Created attachment 32351 [details] intel gpu dumpfile 2 Wow, this bug is getting to be too much. I haven't spent much time on my desktop because I cannot reliably tell when it's going to hang up on me. Even in adding the latest dump file to this bug, it crashed on me.
Created attachment 32352 [details] intel_gpu_dumpfile #3
Created attachment 32353 [details] intel_gpu_dump #4
It is still hitting my system as well, though I haven't captured additional dumps. I'd hate to have to copy my Thunderbird email files to the NTFS partition and run (blech!) Windoze to have continuity. :-( Again, if an "expert" is in the Boston area, perhaps my laptop could pay a visit.

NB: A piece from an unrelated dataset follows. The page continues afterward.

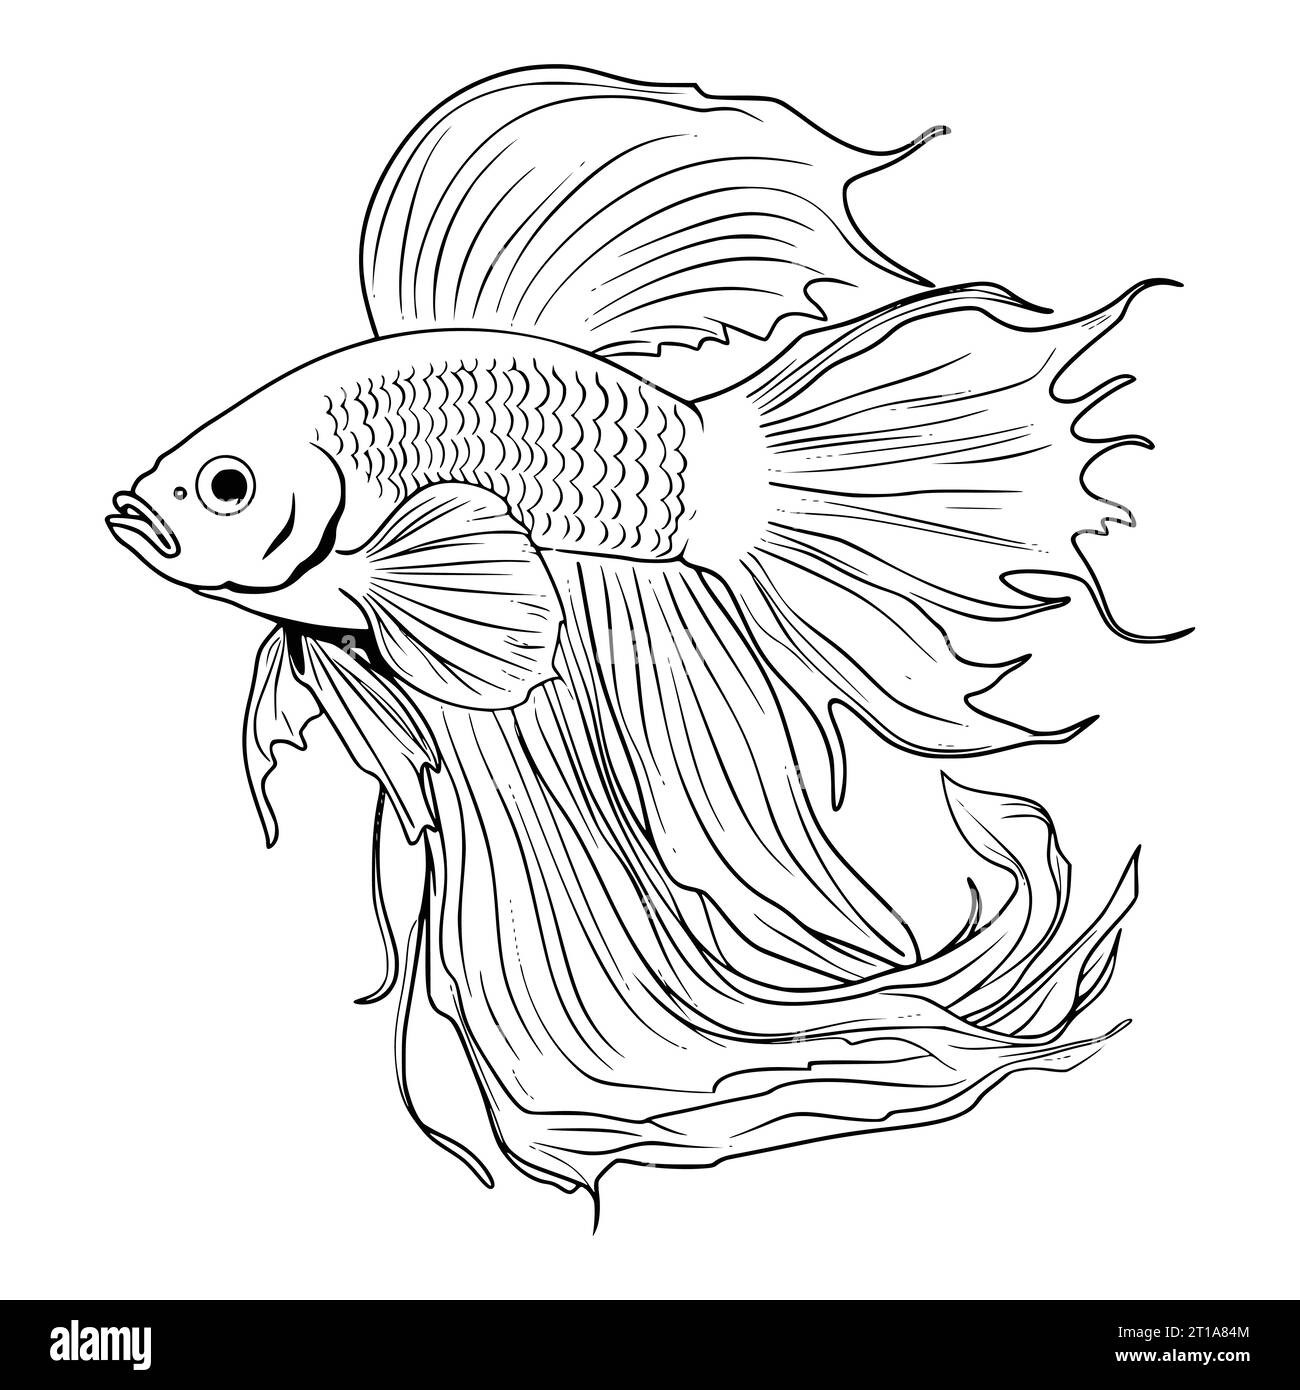 Fish coloring pages printable Cut Out Stock Images & Pictures - Alamy

I even have a spare hard drive, so said "expert" could install whatever needed to debug.
It seems that I forgot to mention this earlier, but it might be relevant to people suffering from this bug: Driver version 2.6.3 together with X.Org 7.4 is safe for me when DRI is disabled. Also, when DRI is enabled and a freeze occurs, SysRq remains functional so you can gracefully reboot.
Created attachment 33250 [details] Debug output (dmesg/debugfs/gpu_dump etc) Adding myself to the list of people affected by the GPU hanging randomly after a while. Chipset: 855GM Kernel: 2.6.33-rc7/x86 (from drm-intel repository, last commit is 0f318cd689ef0758e... drm/i915: provide self-refresh status in debugfs) intel-driver: 2.10.0 libdrm: 2.4.17 Mesa: 7.7 Xorg-server: 1.7.4.901 I reverted commit e517a5e97080bbe... agp/intel: Fix the pre-9xx chipset flush, as this in itself did not seem to trigger a GPU error (no error recorded in /sys/kernel/debug/dri/0/i915_error_state, i915_add_request still going on merrily in dmesg), only a disply freeze. Possibly related to the flush as executed in the above commit not working as intented on a 855 chipset. Hopefully one of the captured files actually contains something useful for the devs to work with.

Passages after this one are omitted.